(Dolores Aleixandre, VR). Tanto quien esté leyendo estas líneas como yo misma que las escribo, estamos de enhorabuena: hemos tenido la suerte de sobrevivir a la “tendencia a la perfección”. En los finales de los años 50 y hasta que empezaron a notarse lo efectos del Concilio, esa frase marcaba nuestro horizonte y no siempre con efectos saludables: muchas de mis compañeras de noviciado que más en serio se la tomaron, terminaron por marcharse a su casa. Para los temperamentos perfeccionistas, aquel ideal inalcanzable invitaba a estarse midiendo constantemente con las normas omnipresentes y degeneraba en pequeñas o grandes obsesiones. El Perfectae Charitatis reorientó nuestra mirada y confirmó lo que intuíamos: que es a la “perfección” del amor a lo que estamos llamados y eso trajo consigo que las normativas minúsculas empezaron a desmoronarse, derritiéndose ante aquella oleada cálida que traía un aliento de vida y de creatividad. Bendita supresión de tantas “multiplicaciones” acumuladas con el paso del tiempo, aunque supusiera un cataclismo para algunas mentalidades.

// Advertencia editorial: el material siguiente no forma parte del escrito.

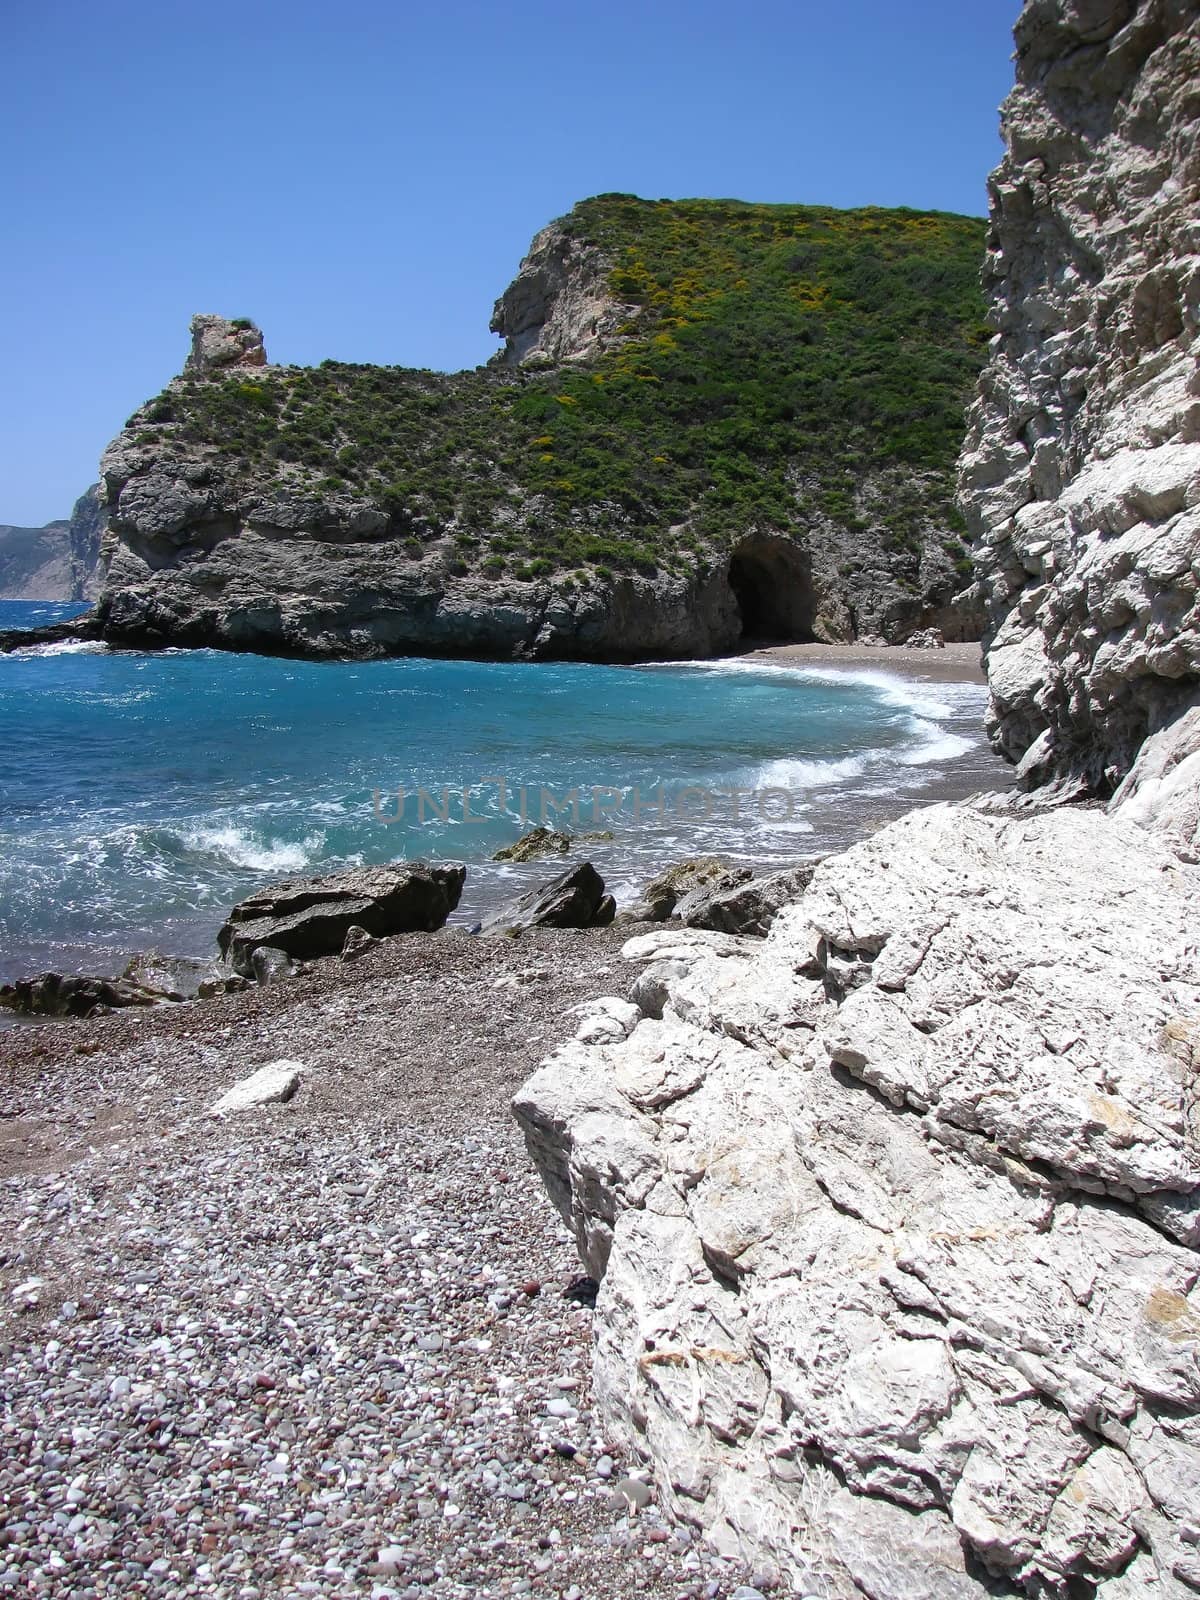 a scenic picture of a coastline on Kythera island, Greece

Liberados hoy de la preocupación por ese tipo de perfección ¿no puede estarnos pasando aquello de Machado: “En el corazón tenía la espina de una pasión, logré arrancármela un día, ya no siento el corazón…”? ¿Cómo situarnos ante esa brecha infinita entre lo que poseemos de Dios y lo que nos separa de Él? ¿Qué hacemos con el potencial ilimitado de transformación espiritual que nos habita?
Desde Gregorio de Nisa, la teología ortodoxa ha acuñado el término epektasis: “Olvidando lo que queda atrás, lanzándome [epekteinomenon, de ahí la palabra epektasis] hacia lo que está delante, sigo corriendo hacia la meta…” (Fil 3,13).
La “tendencia a la perfección” deja paso a un movimiento apasionado y creciente de atracción que sacude nuestras inercias y nos hace vivir “extendidos” hacia delante, volcados en la búsqueda del Señor que amamos y de su Reino presente entre nosotros.
Pero cuando venga el Hijo del hombre ¿encontrará esa epektasis en los conventos?